_Instructions to follow_: Range to repeat from the listing below: the line containing "Atelier Angela Sommerhoff" down to the line containing "グリル Fits 2007-2009", both included. Copy it exactly, pictures excluded, and add nothing else.

_Dataset entries_:
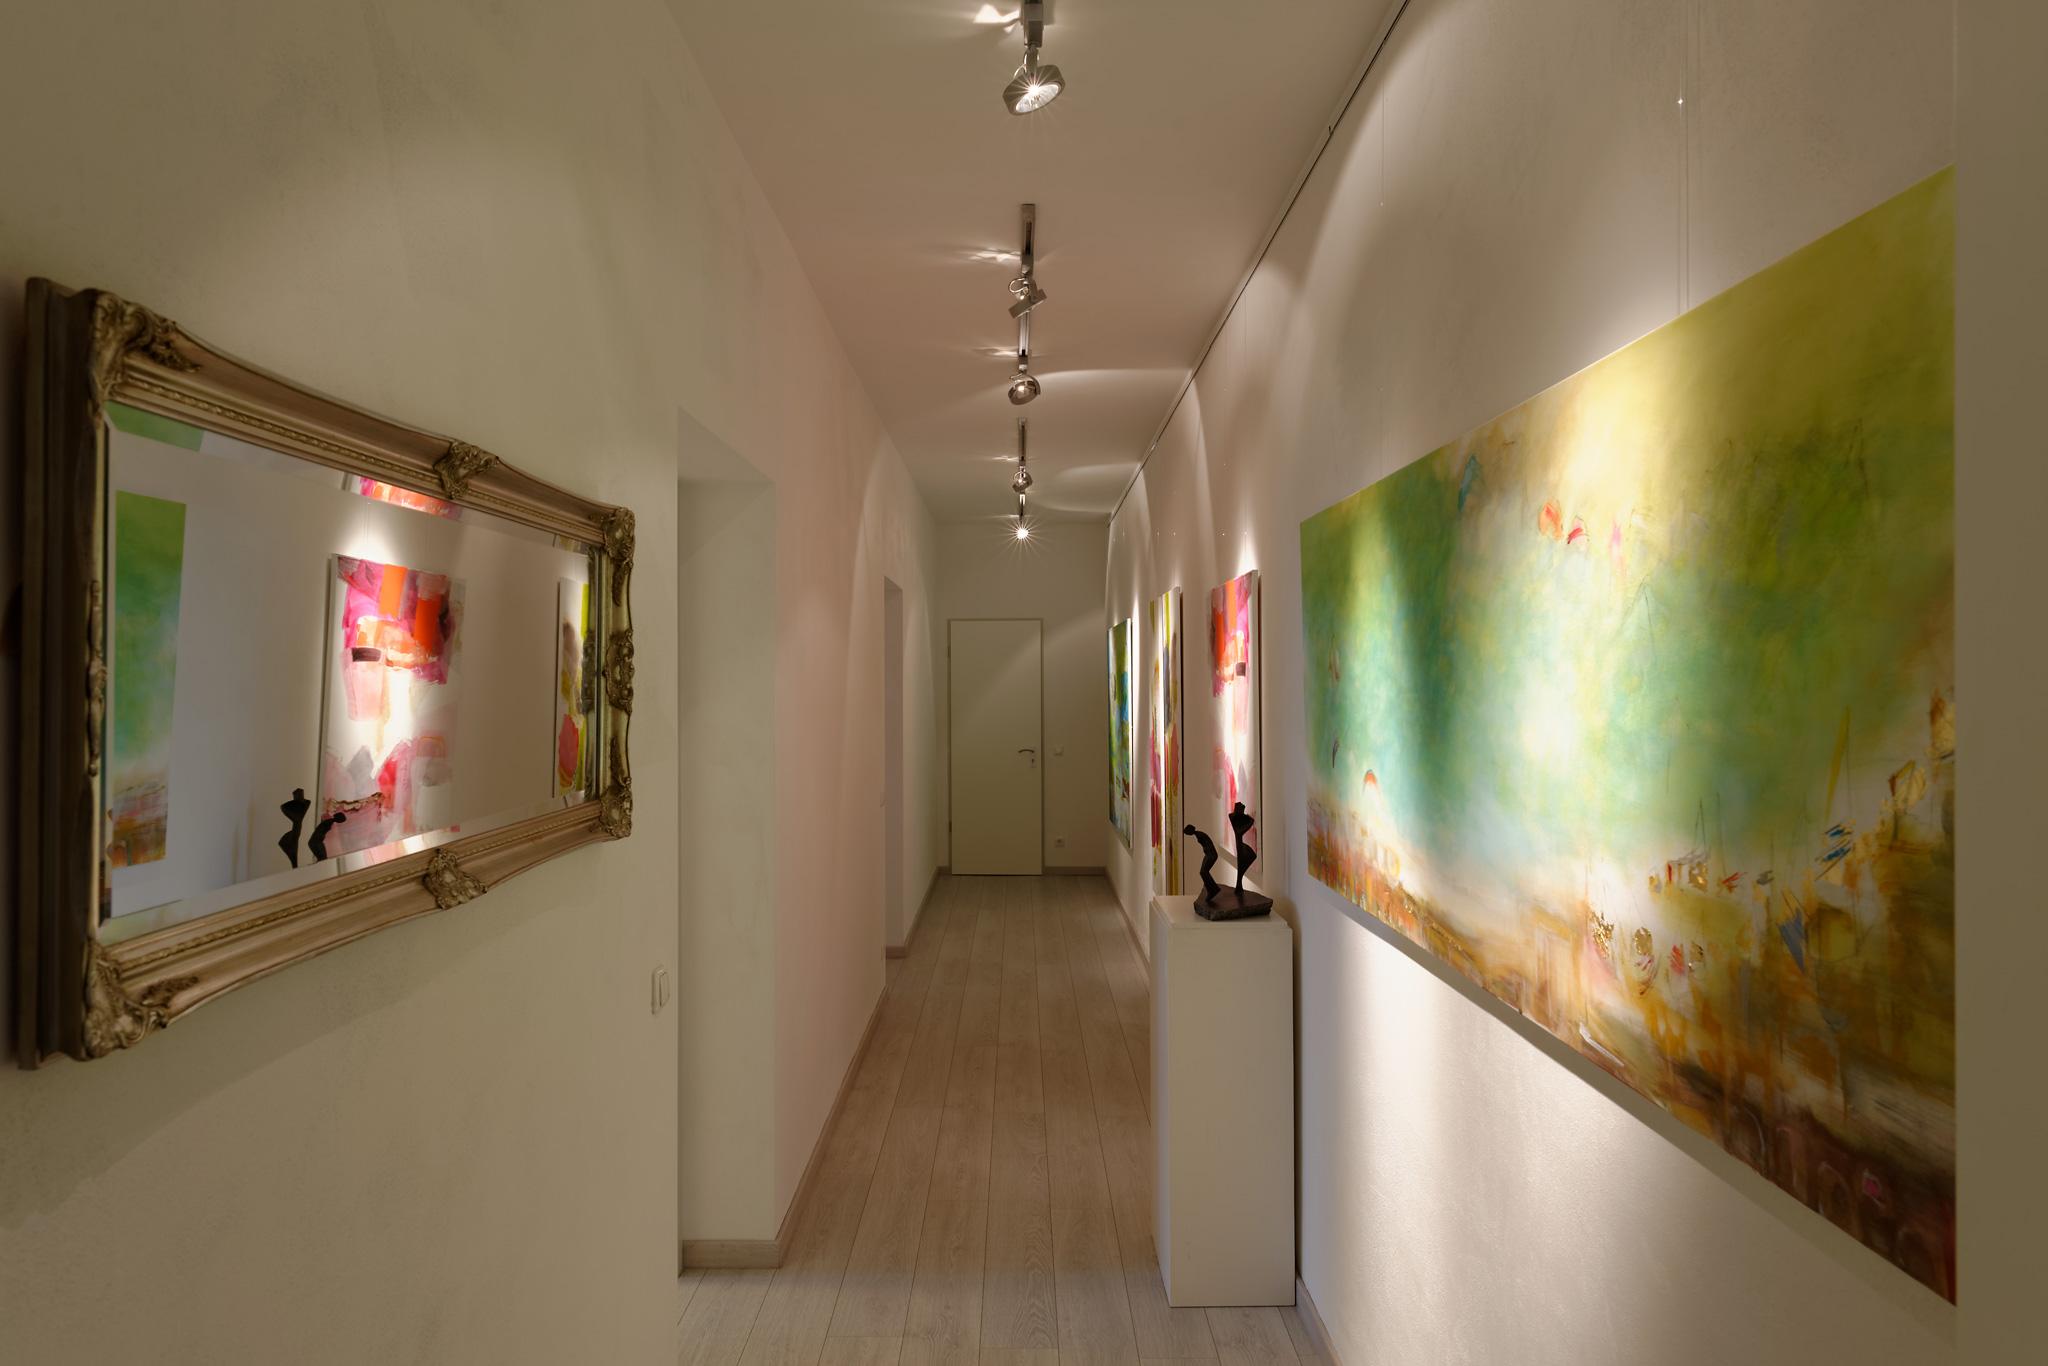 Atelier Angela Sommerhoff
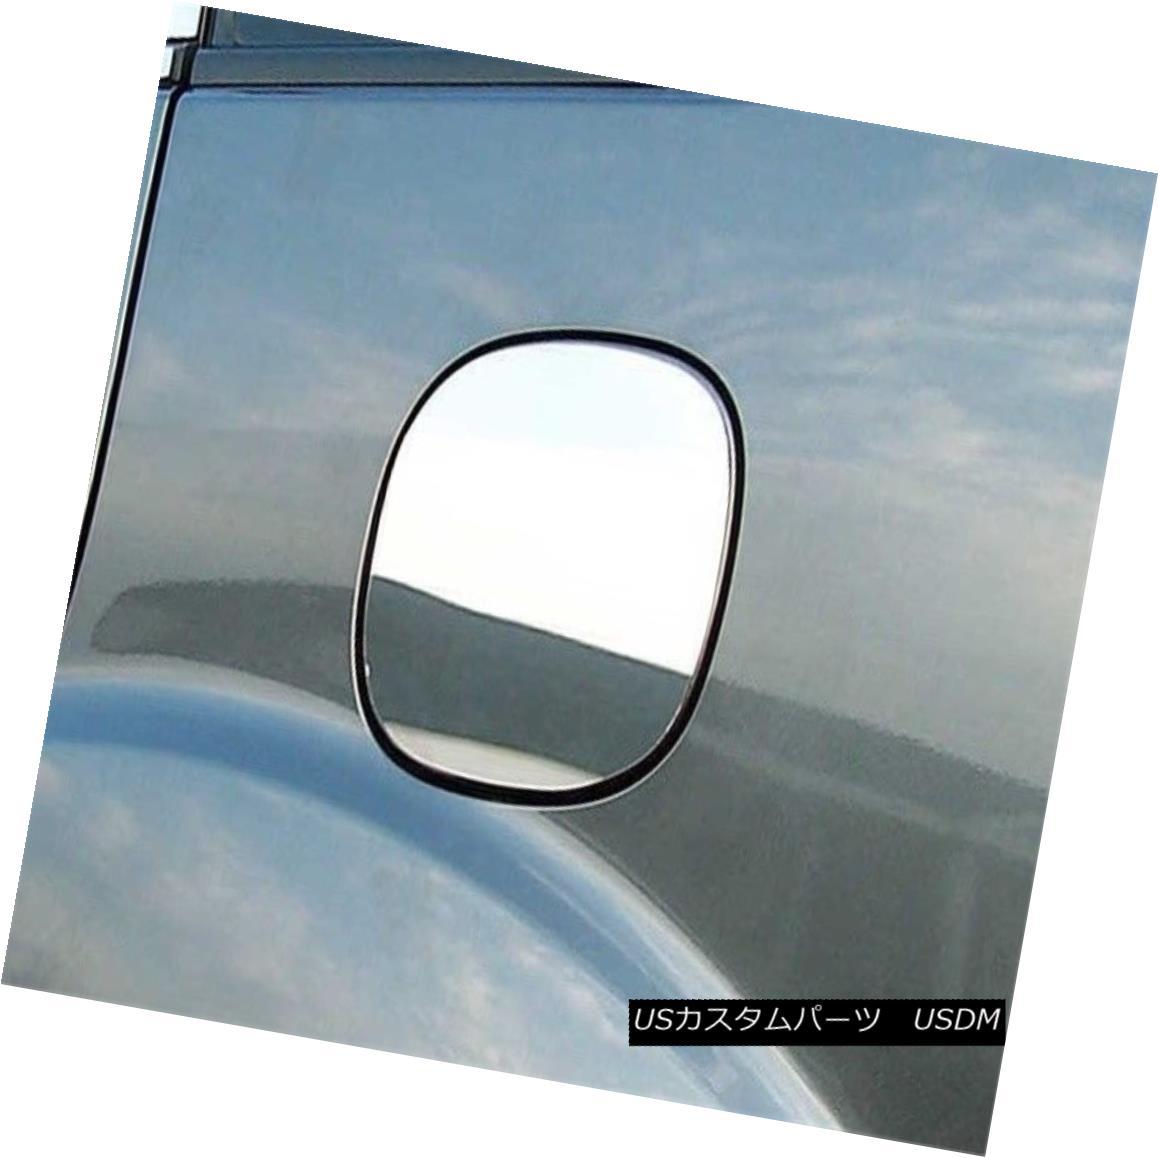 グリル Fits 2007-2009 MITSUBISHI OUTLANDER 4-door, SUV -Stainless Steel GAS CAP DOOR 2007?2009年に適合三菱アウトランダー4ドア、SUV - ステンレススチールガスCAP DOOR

...

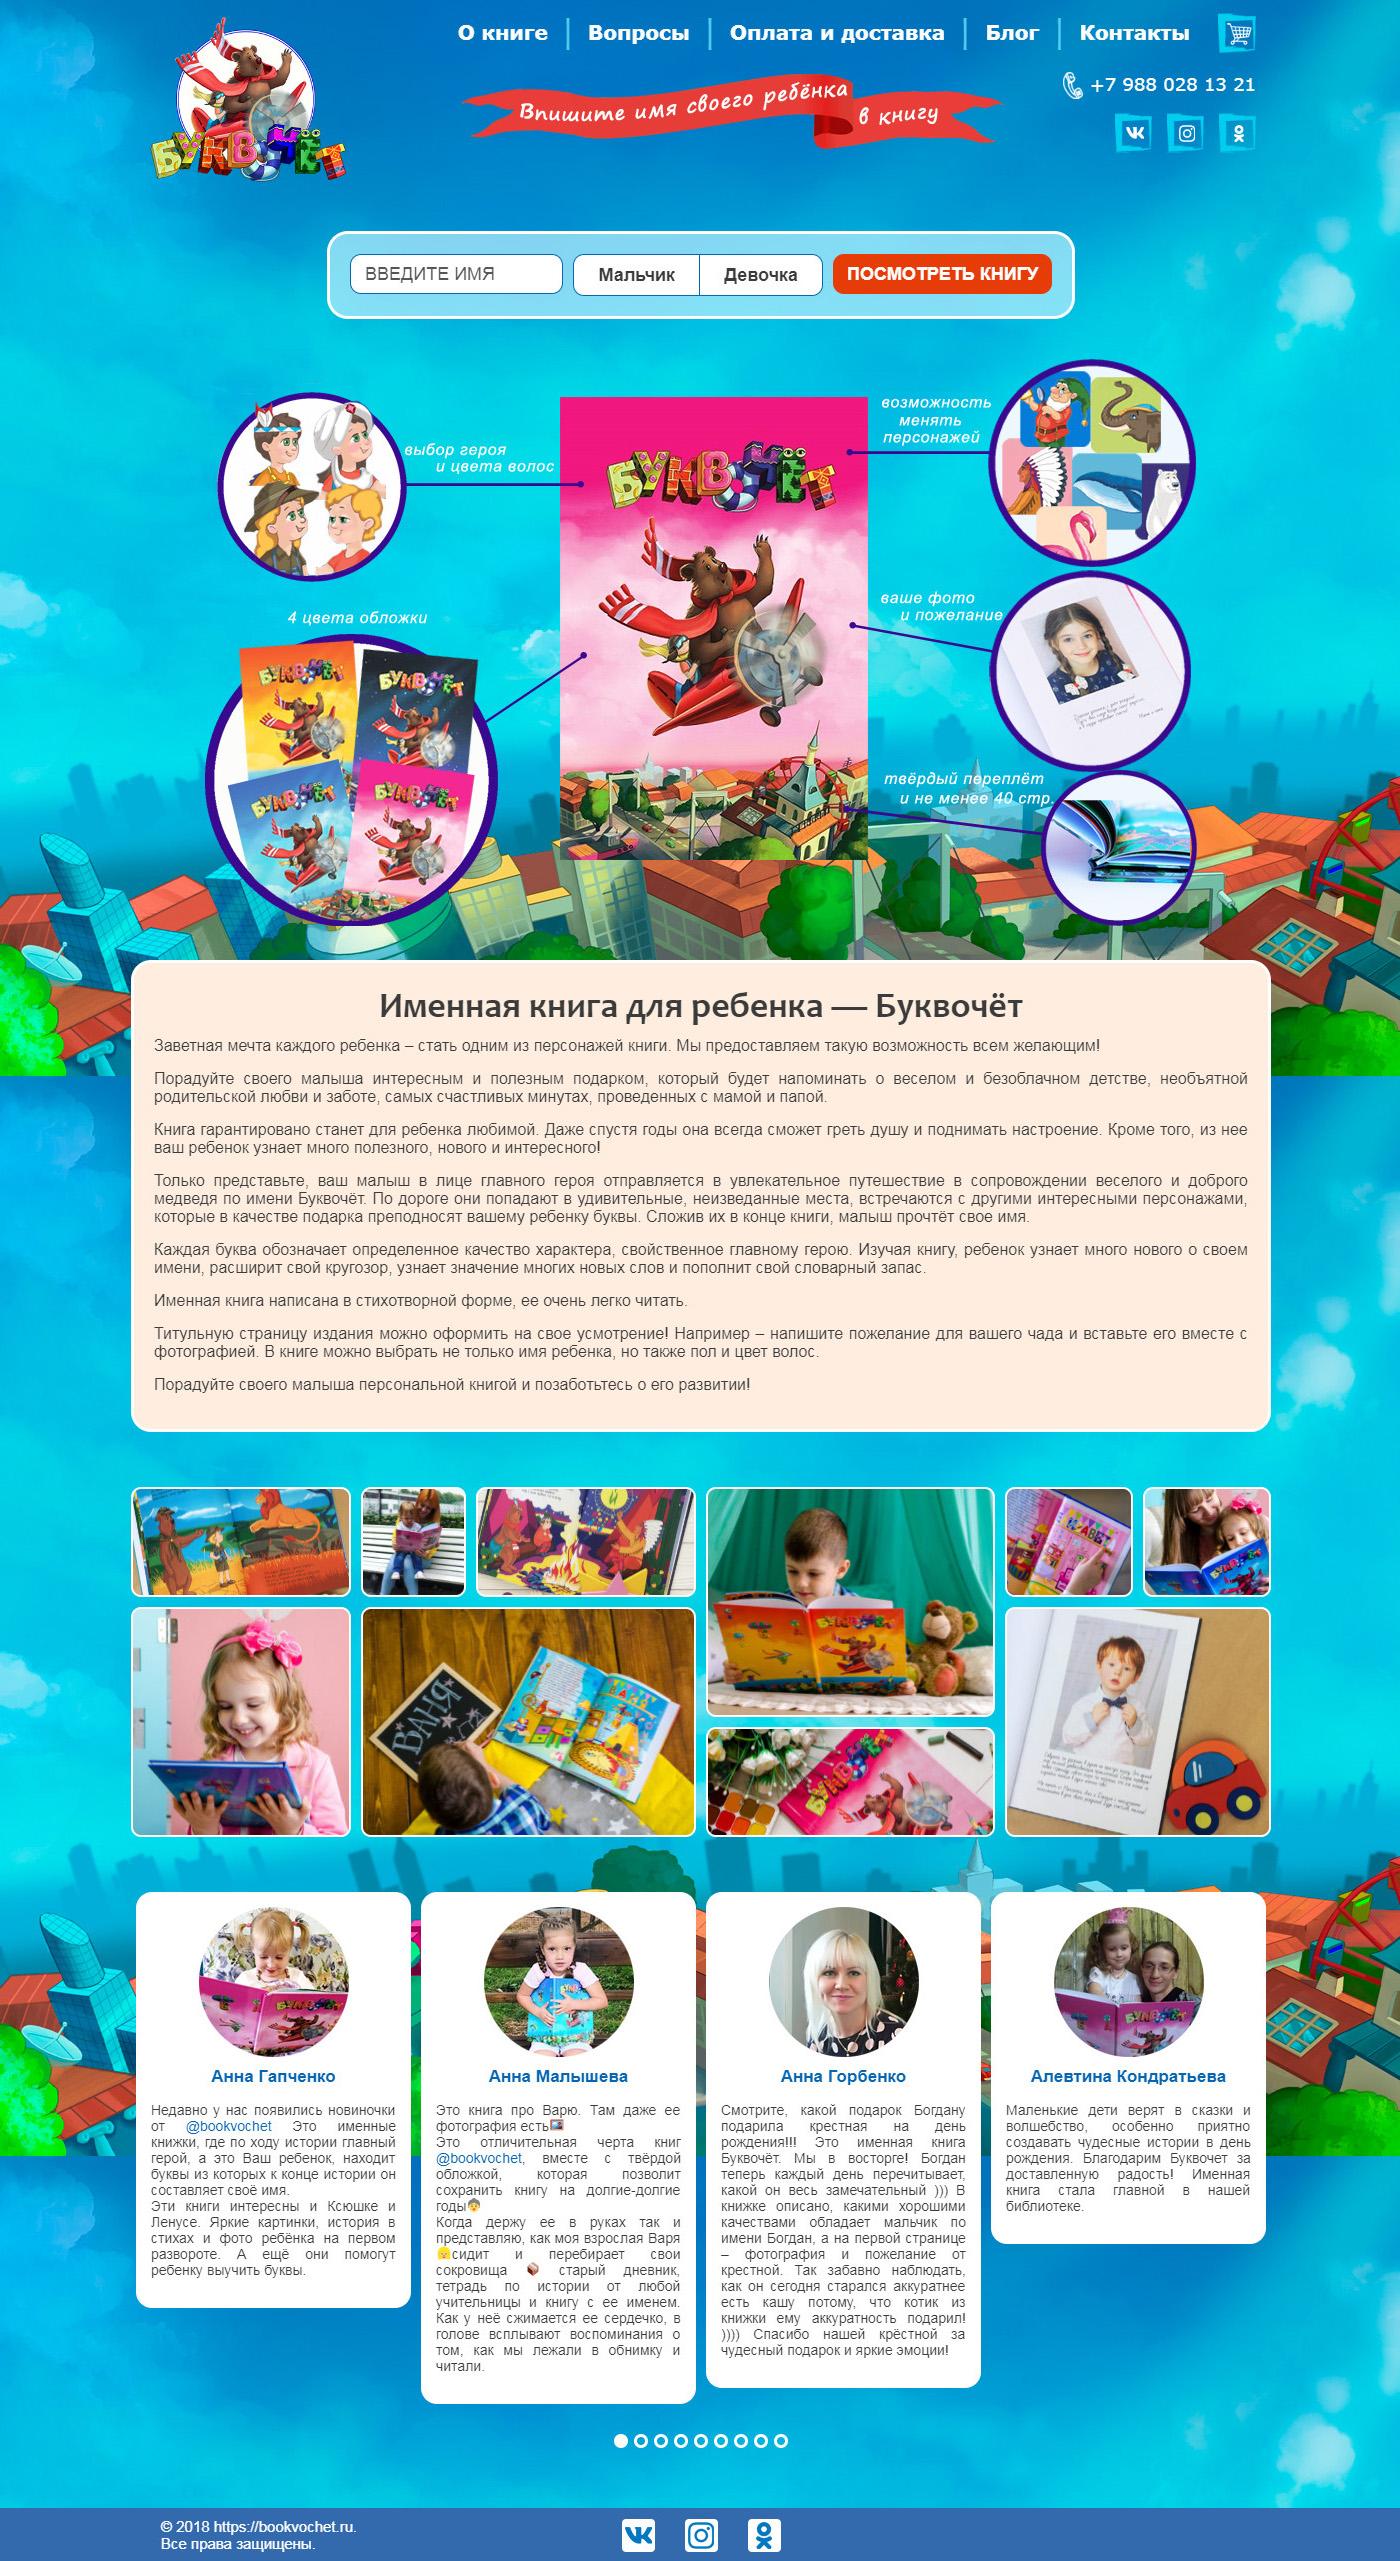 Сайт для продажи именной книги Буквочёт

_Answer_:
 Atelier Angela Sommerhoff
 グリル Fits 2007-2009 MITSUBISHI OUTLANDER 4-door, SUV -Stainless Steel GAS CAP DOOR 2007?2009年に適合三菱アウトランダー4ドア、SUV - ステンレススチールガスCAP DOOR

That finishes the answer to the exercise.